Нет, конечно, никакого урона я не претерпел, но ощущение осталось какое-то двойственное, будто в нечто естественное и непринужденное вторглось что-то постороннее и искусственное, от чего поведение действующих лиц стало отдаленно напоминать дерганые движения марионеток. Даже участие в этом спектакле моей милой Кульбюль не могло избавить меня от ощущения некоторой неловкости. Однако я решил закрыть на это глаза и понаблюдать за тем, как будут развиваться дальнейшие события.
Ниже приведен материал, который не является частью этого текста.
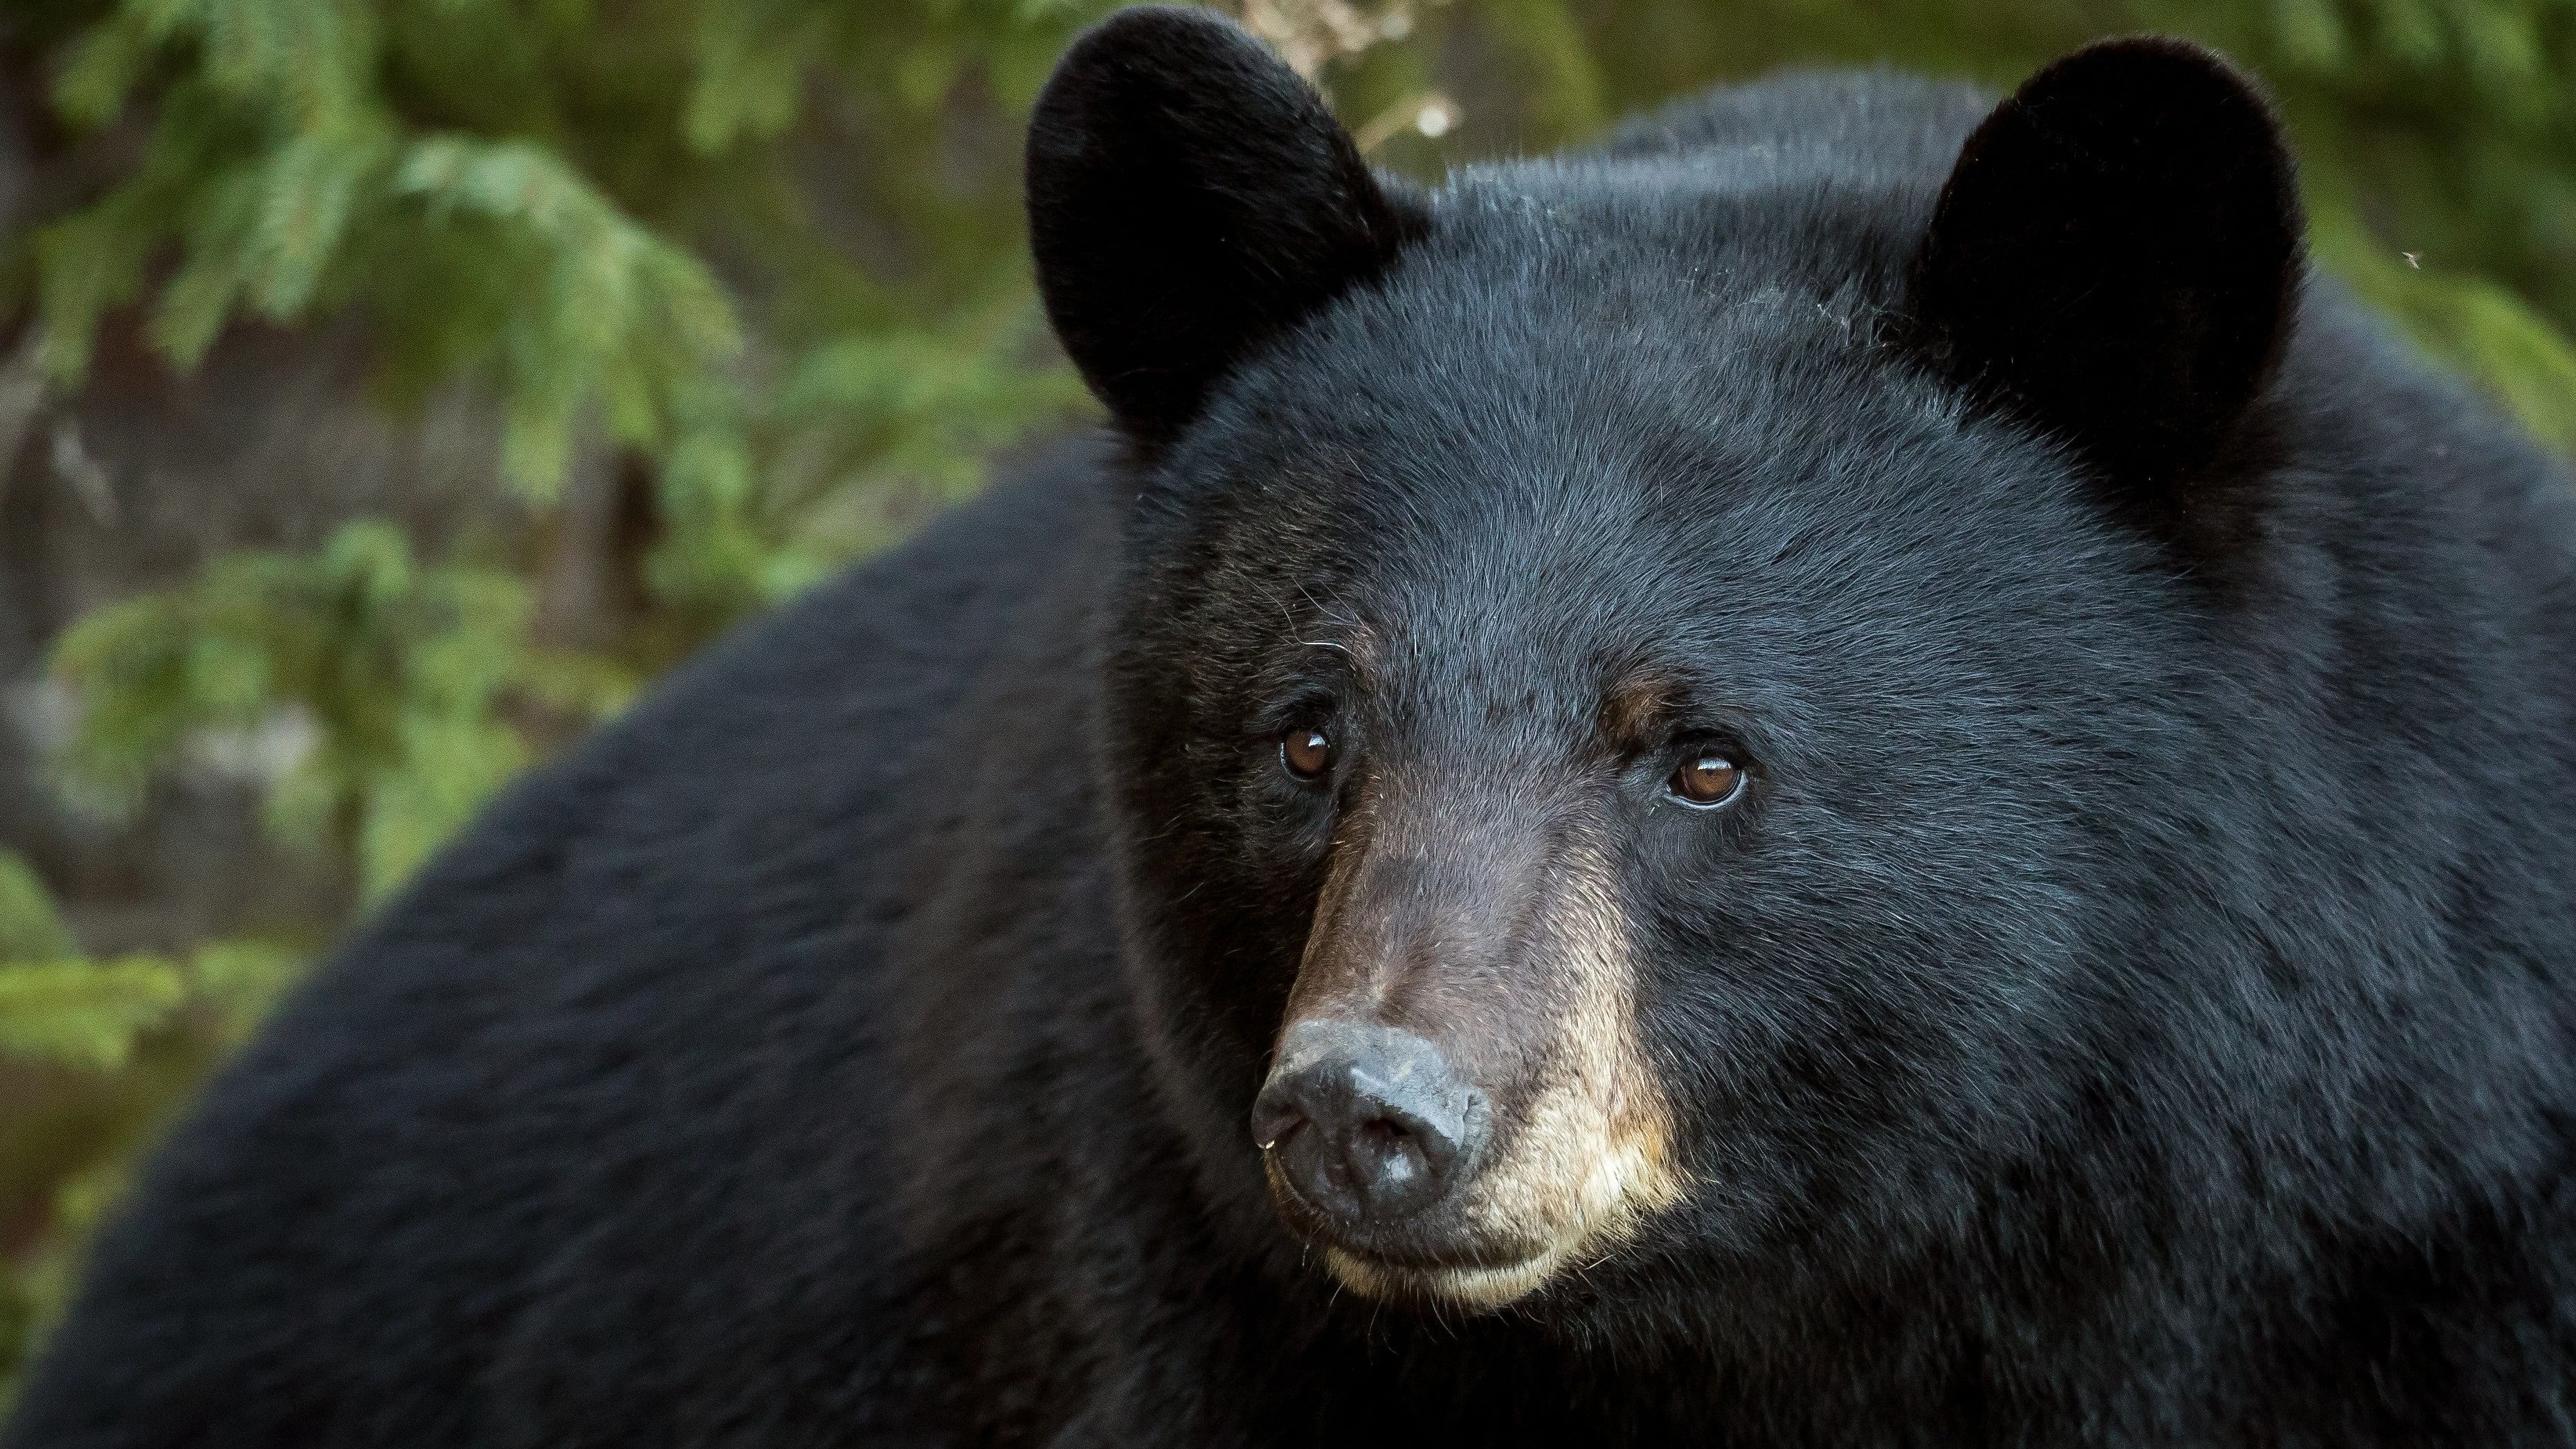 <div class="paragraphs"><p>Representative image showing an American black bear.</p></div>

А развивались они следующим образом.
Полные ведерки были скорейшим образом доставлены в отстроенное по соседству сооружение, где, вероятно, тут же начались какие-то работы. Об этом можно было судить по свету, проникавшему наружу сквозь двери, которые время от времени открывались, чтобы выпустить торопливого лилипута с каким-то грузом за плечами.
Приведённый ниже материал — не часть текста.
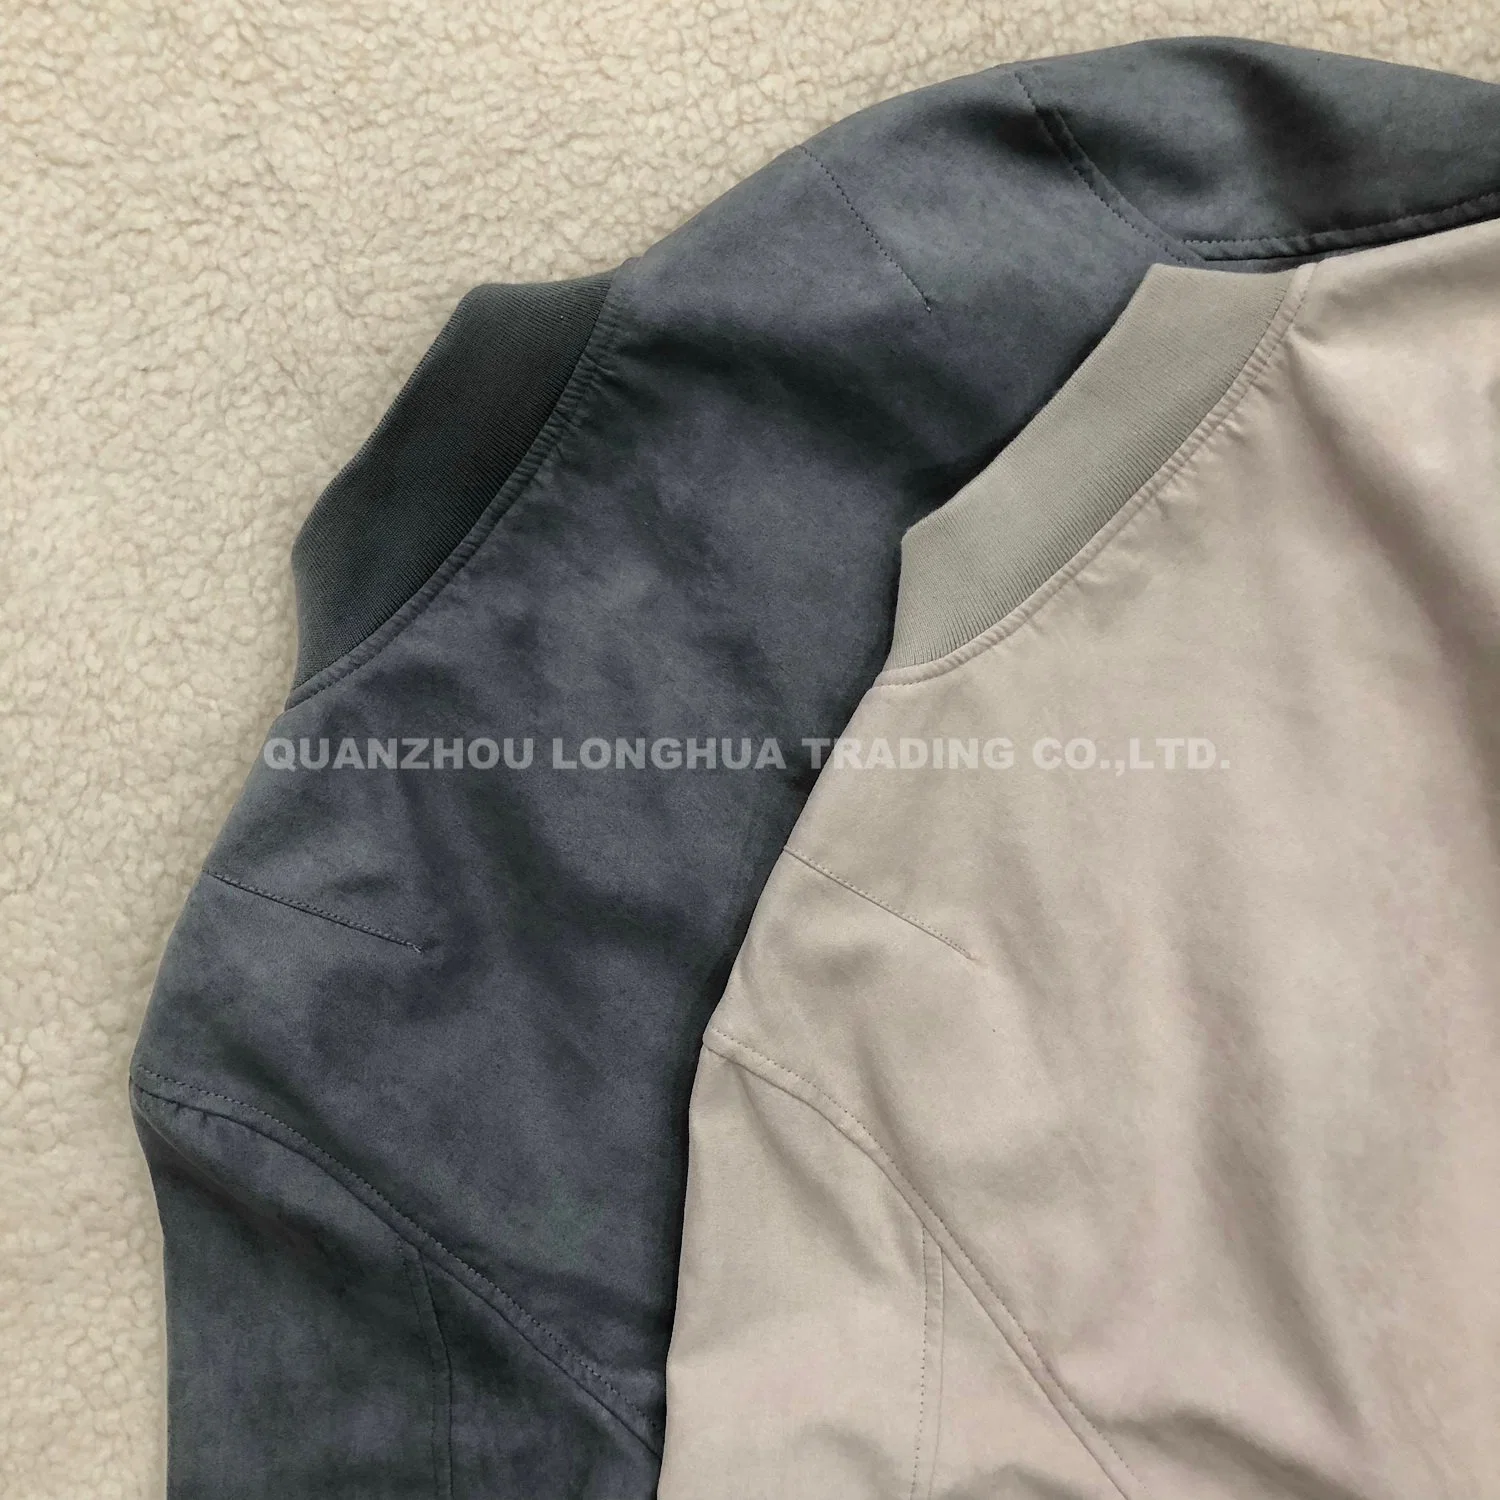 Men Jacket Boy Jacket Woven Fashion Suede Apparel Grey Beige Clothing Outdoor Clothes

На следующий же день многое из происходившего разъяснилось. С утра пораньше ко мне заявился мой компаньон Хаззер. На лице у него лоснилась довольная улыбка. Он сообщил, что наше предприятие оказалось очень успешным, и доход от первых продаж превзошёл все ожидания.
– Каков же доход? – поинтересовался я.
На этот вопрос я получил весьма уклончивый ответ, из которого, однако, можно было понять, что уже продано от шести до восьми тысяч порций чудодейственного средства, а при стоимости порции в четверть дрюфа… Я произвел в уме несложные расчеты и понял, что если в Лилипутии хватит больных, то в скором времени Хаззер, а вместе с ним и я станем крупнейшими финансовыми воротилами этой могущественной империи (ах, как иногда можем мы обманываться в наших расчетах!).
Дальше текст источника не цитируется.